Zufälligerweise läuft seit einigen Monaten eine Kampagne, die den Spruch "In God We Trust" auf Plakaten in Klassenzimmern zur Pflicht machen will. Das Verbot des Ausdrucks "under God" wird ihr vermutlich noch mehr Zulauf bescheren, und überhaupt soll die Entscheidung des Berufungsgerichts an die nächste Instanz weitergeleitet werden. Wenn der Fall zum Obersten Gericht kommt, dürfte "under God" fester Bestandteil des Treueschwurs werden, denn 1996 hatte das US-Verfassungsgericht eine Klage gegen "In God We Trust" nicht einmal angehört. Der liberal gesinnte Supreme Court, der 1943 den Einzug des Treueschwurs in die Schulen verhindern wollte, hat eben wenig mit dem Supreme Court von heute gemein. Und wenn es nach Bush geht, sollen Atheisten in den USA gar nicht erst Richter werden; so verkündete er aus Kanada:
We need common sense judges who understand that our rights were derived from God, and those are the kind of judges I intend to put on the bench.

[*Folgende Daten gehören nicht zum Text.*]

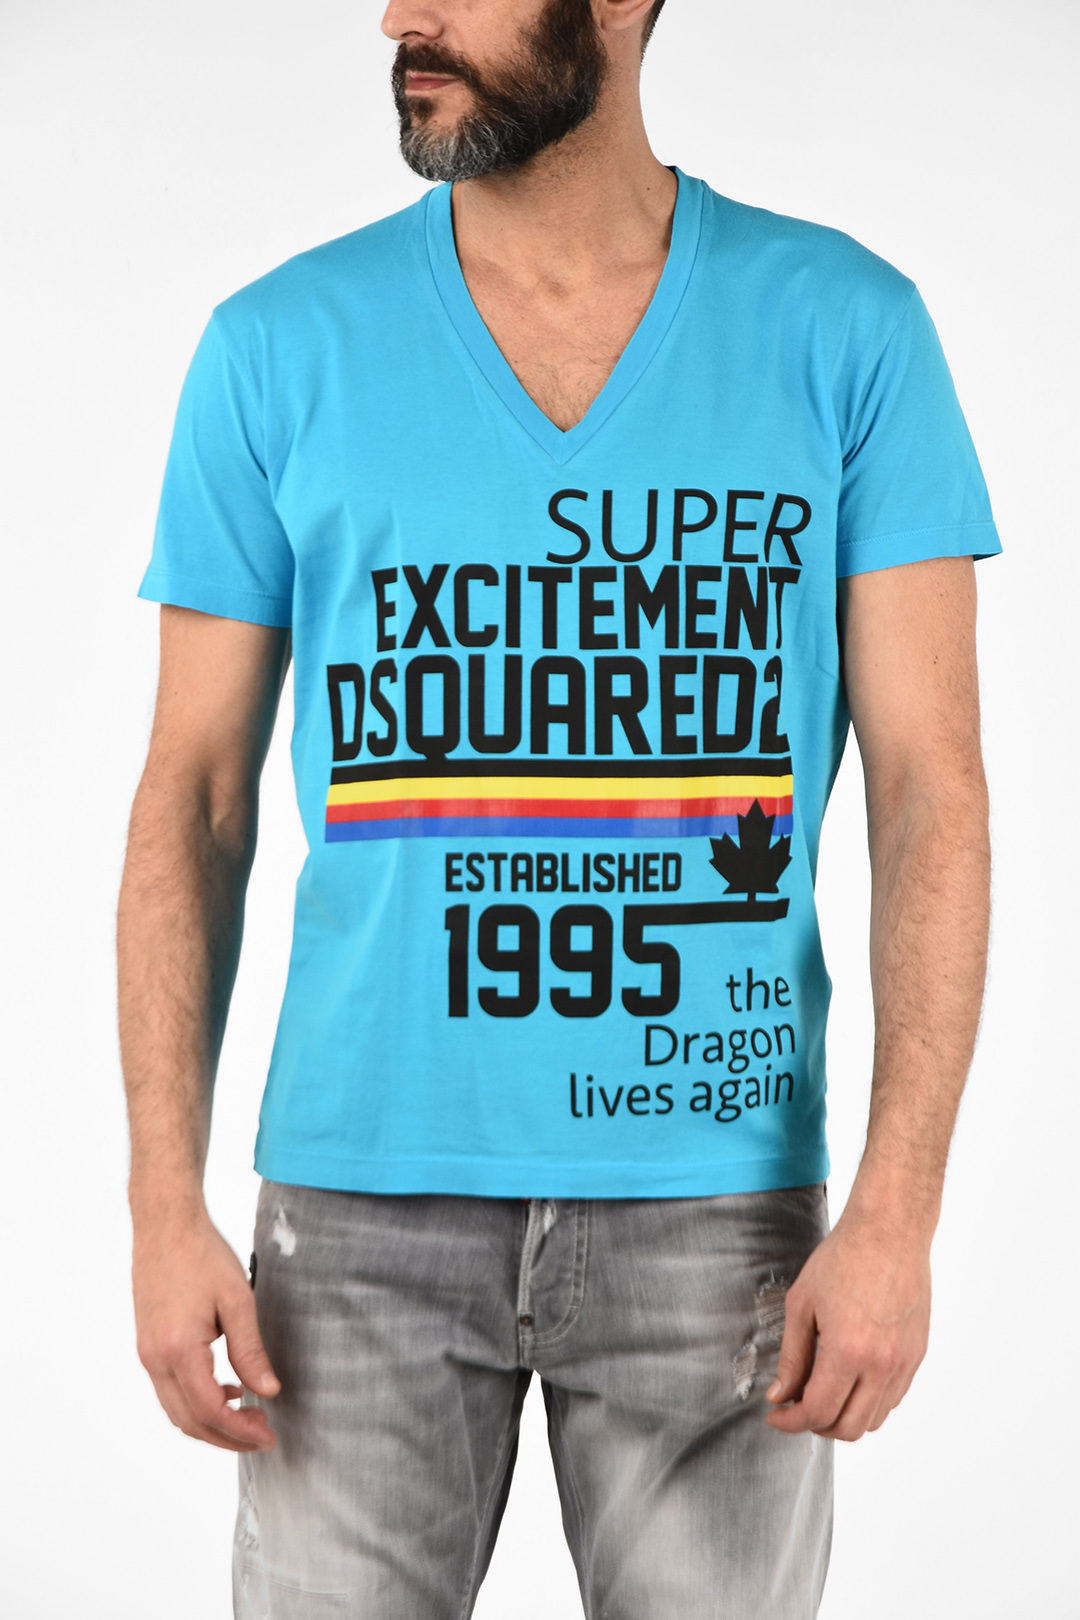 Schijn Ongedaan maken Schande Dsquared2 V-Neck Print COOL FIT T-shirt men - Glamood Outlet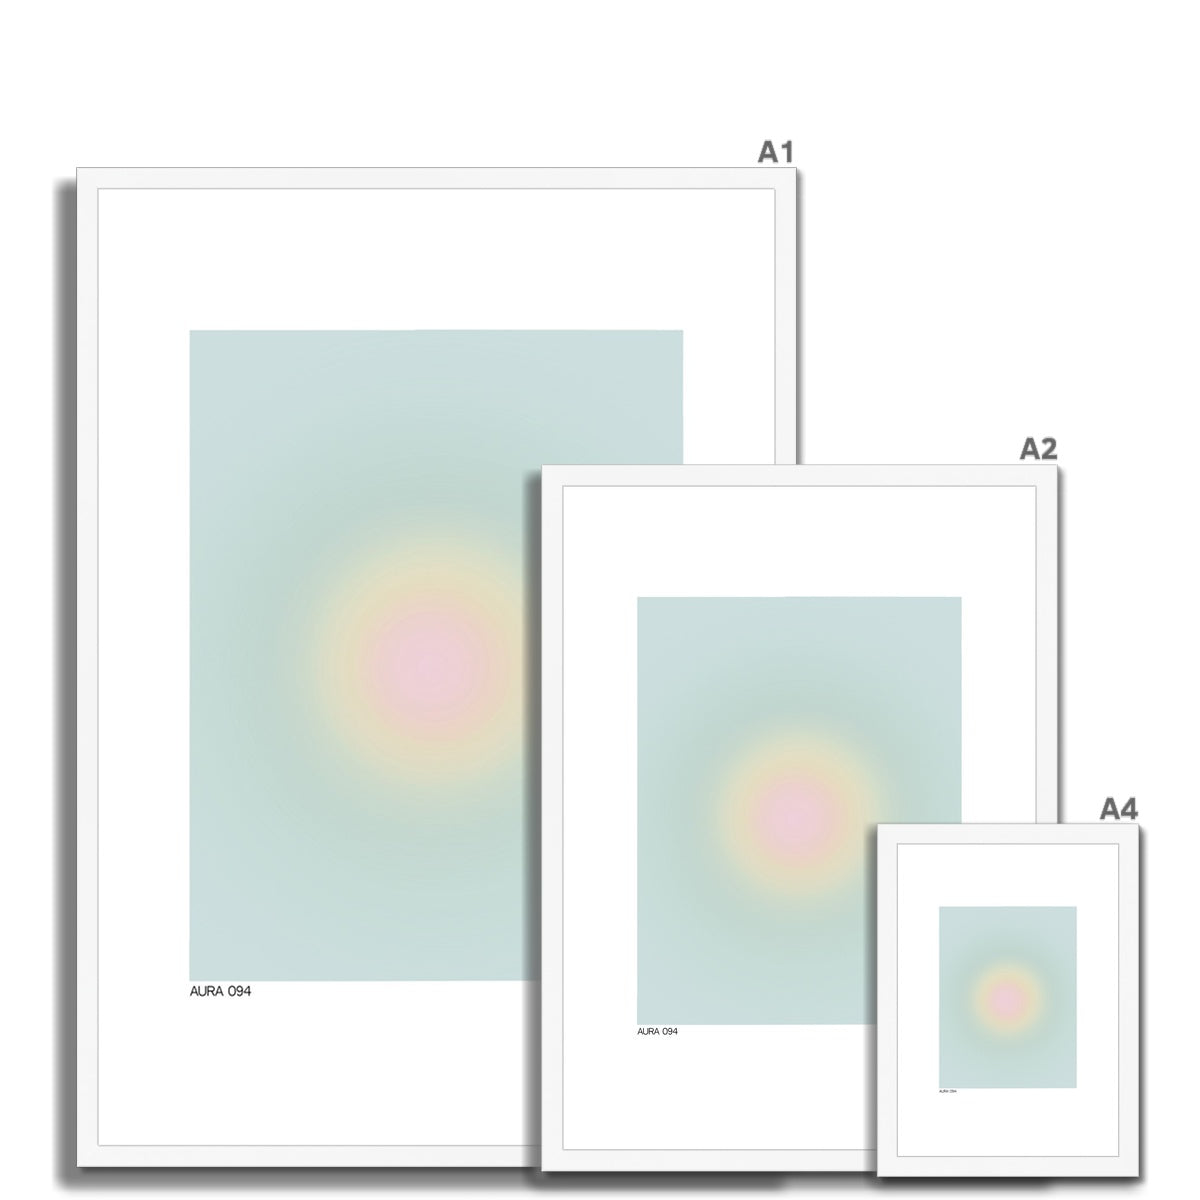 aura 094 Framed & Mounted Print

Letztes Jahr hieß es in einem Telepolis-Artikel über Edward Bellamys Utopie-Roman: "Bellamy's Vision von einem solidarischen Amerika ist jedoch von dem, was sein junger Langschläfer heute erlebt, meilenweit entfernt." Das gleiche gilt für Francis' Treueschwur. Heute hat der Individualismus über Bellamys Sozialismus gesiegt. Das Geld regiert, und Menschen wie Bellamy, die auf die Armut und soziale Spannungen im Lande hinweisen, wird heute jeglicher Patriotismus abgesprochen. So erging es den atheistischen Eltern, die dagegen klagten, dass ihre Tochter jeden Morgen einen Schwur "under God" ablegen muss. Der Vater wurde bei CNN gefragt, ob er überhaupt "stolz sei, Amerikaner zu sein", und ob er bereit sei, "der verhassteste Mann im ganzen Land zu sein". Der Mann bekommt auch anonyme Morddrohungen.
Dabei sind einige der patriotischsten Lieder der USA von Sozialisten/Kommunisten/Feministen verfasst worden: erwähnt seien hier vor allem Katharine Lee Bates' America the Beautiful und Woody Guthries This Land Is Your Land.
Man kann also davon ausgehen, dass das letzte Wort im Fall "under God" nicht gefallen ist. Wer weiß, vielleicht steht bald "In God We Trust" auch auf Kreditkarten? Bis dann müssen wir uns mit den scherzhaften Plakaten begnügen, die in Lokalen hängen, in denen Kreditkarten nicht akzeptiert werden:
In God we trust. All others pay cash.